Mastering stooling in the toilet came with its own set of challenges and those challenges taught me a great deal about my son’s ability. Midway through potty training boot camp I noticed that my son was not stooling or so I thought. No accident in diapers and no stooling in the toilet. How is that possible? I was concerned. I don’t want him to get sick in the process, so I started paying closer attention to his habits. Ah hah!! That little dickens outsmarted me. My son had a secret stash of pull-ups that he changed into when he felt he needed to stool. He would find a place to relieve himself and then discard the pull-up in the trash, hiding it under other trash if he could. I saw this and could not believe my eyes. How very clever he is. Note to self…never underestimate any child.

I rejoiced at my son’s increased cerebral fortitude, but recognized that I needed to find his secret stash of pull-ups. I checked where I originally hid the pull-ups. No change there. I checked different areas in his room and around the house. I still couldn’t find the secret stash. So I wait. He’ll have to run out of pull-ups soon. It wasn’t long before the inevitable happened. My son is starting to refuse food and drink again. He’s determined not to stool in the toilet or ever, for that fact. Three days pass and still no stool. It’s time to turn up the volume on the training.  Instead of going to the bathroom every 30 minutes to an hour he now has to spend most of his time in the bathroom, taking breaks for eating, playing and sleeping with close supervision. Another day goes by and finally! It happened. Success…true success. This time there were no parties, only a warm smile and a job well done. I continued encouraging his successful self-toileting, which he seemed not to mind. It took all of 3 months to get the bulk of his training done and those 3 months changed our lives forever.
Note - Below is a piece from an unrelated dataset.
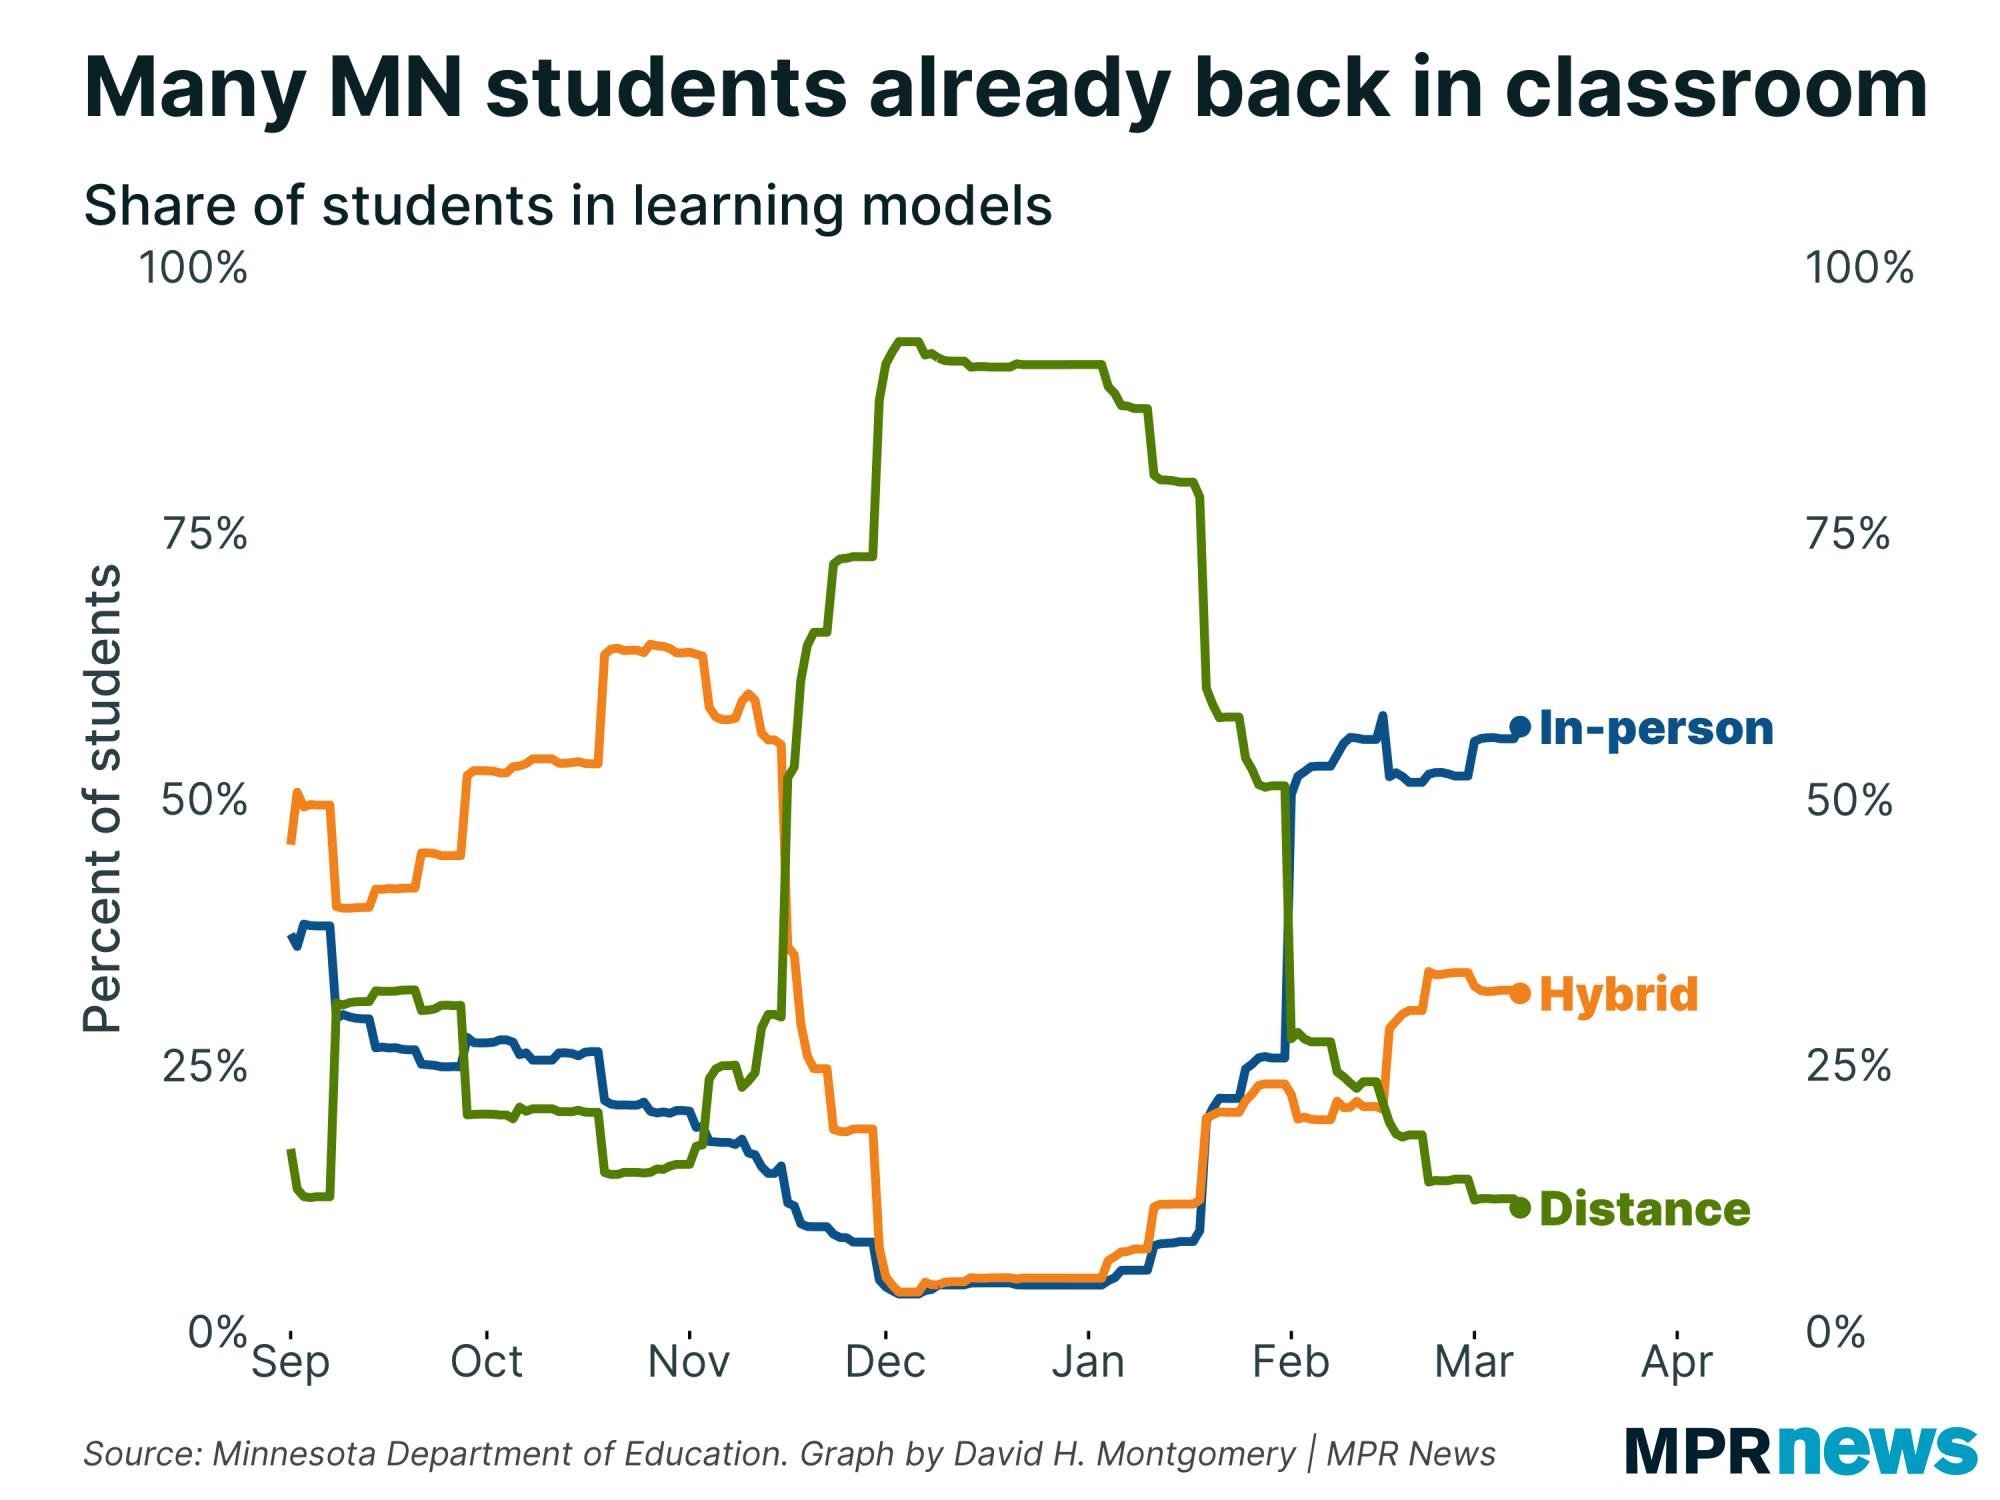 Many Minnesota students already back in classrooms
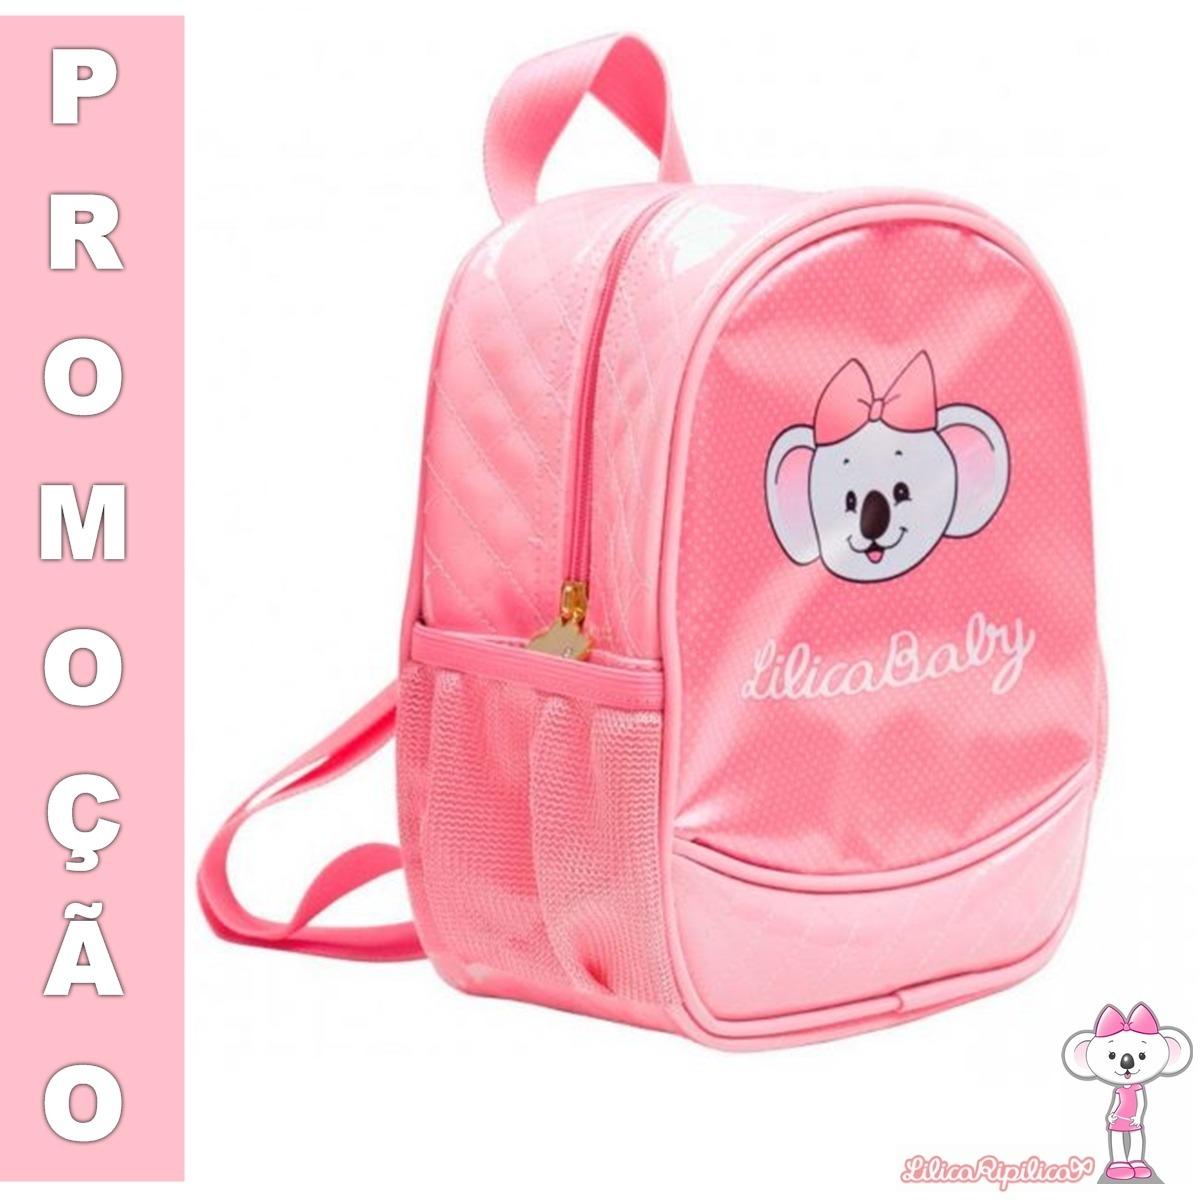 97d89ca180ac4 mochila bolsas malas infantil rosa lilica ripilica original,. Carregando  zoom.

Taking this huge leap did more than just rid us of pull-ups. My son seemed more assured of himself and more mature in how he handles himself. I think we tend to take for granted that which comes easily for “typical children.” We think about the cognitive implications as new life stages are met, but there is very little talk about the child’s sense of self as new challenges are conquered. These things make a tremendous difference in the child’s life. It’s not just about gaining skill, but gaining the knowledge that “I can do.”

Don’t give up! – Sometimes you have to step back, leave a situation where it is and then revisit it much later. If you find that you have to take a break because potty training is way too challenging, then break the process down to the smallest degree. That will be your starting point when you and your child are ready to meet the challenge again.

Don’t compare your child to other children. His natural rate of progression is his alone. Respect that and encourage him to do his personal best.